A museum photographer will follow up by taking photos of the same areas as did Grinnell and his crew, ideally from the exact same spot.
Though the study is designed to assess the status of all vertebrates, there are some animals the park is specifically interested in because their status is currently unknown. These are not the obvious large or pervasive animals - bears, deer, owls and others - that have been the subject of previous targeted studies.
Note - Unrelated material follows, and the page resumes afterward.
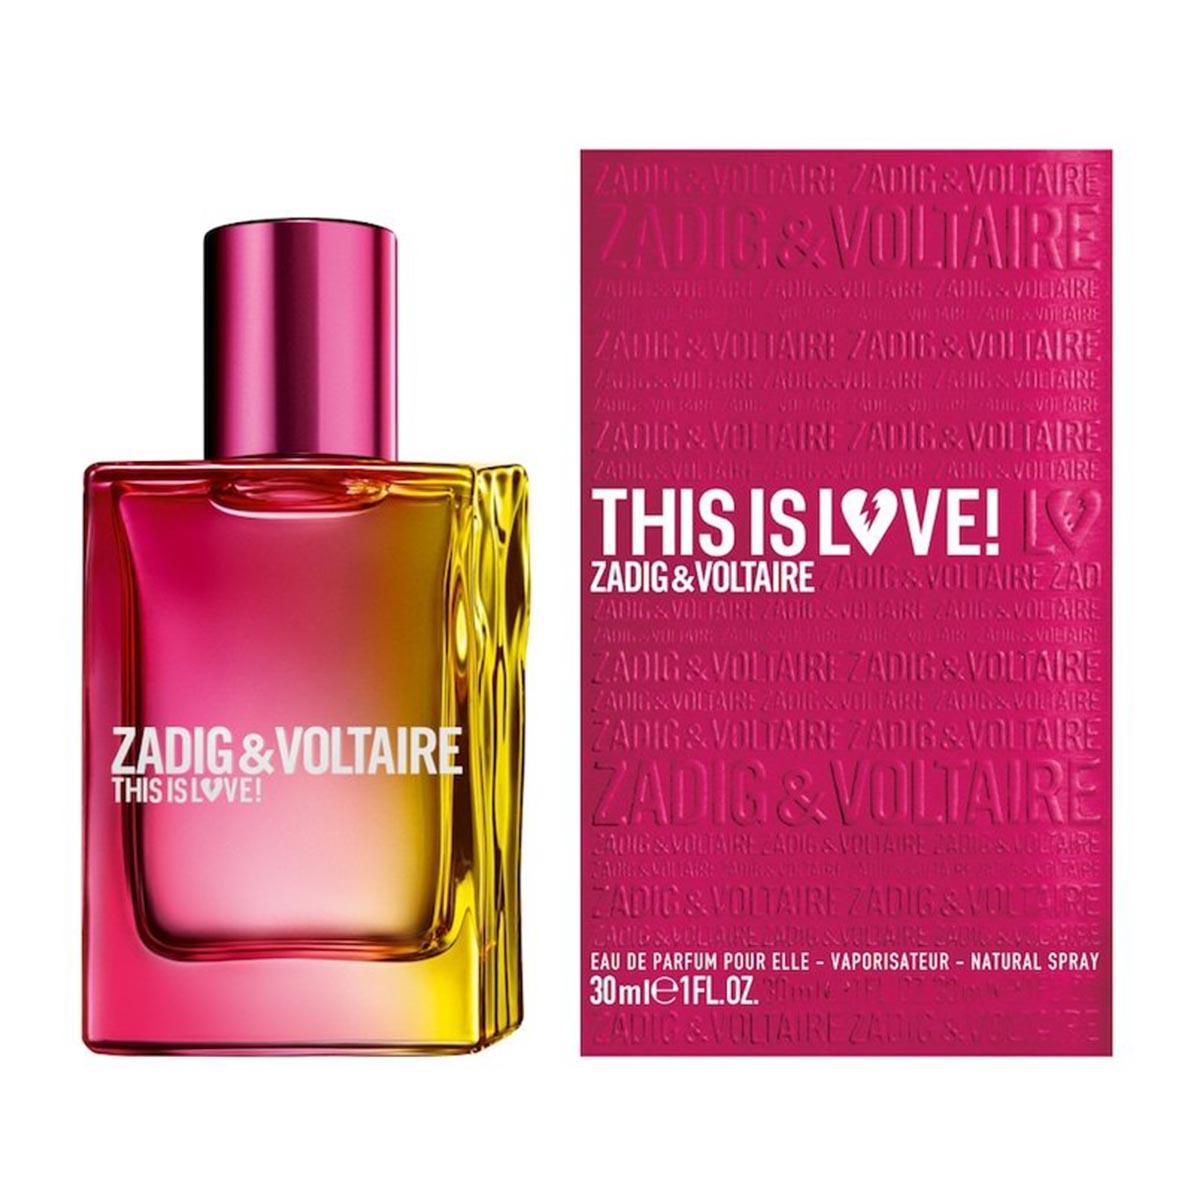 Zadig voltaire this is love elle edp 30vp - BellezaMagica.com

Instead, the list includes a pocket mouse, two species of grasshopper mouse, six species of shrews, six species of chipmunks, and reptiles like the Western fence lizard, Western skink, sagebrush lizard, night snake and sharptailed snake.
"We're learning there have been ecological changes within the park that until now we haven't been able to document adequately," said Leslie Chow, a UC Berkeley graduate now serving in Yosemite as a research wildlife biologist for the U.S. Geological Survey. "We view the park as relatively pristine because we don't allow logging, but other actions - things like suppressing fires for a hundred years - have had an impact."
Moritz expects that other transects they survey will exhibit much greater change.
"It's our best protected landscape in California, so we are expecting Yosemite to be the benchmark against which we can compare other transects," he said.
If Thompson and Chow have their way, museum scientists will regularly visit the park to document the changes occurring in species distribution and population.
"Grinnell established a baseline in the teens, and hopefully we can convince the park that this sort of monitoring needs to be done on a more regular basis," Chow said. "We'd like to get the museum involved so it will come back every 20 years and do something like this."
"I hope this cooperation is just a springboard for further work we can do with the Museum of Vertebrate Zoology," Thompson said. "We do need the data."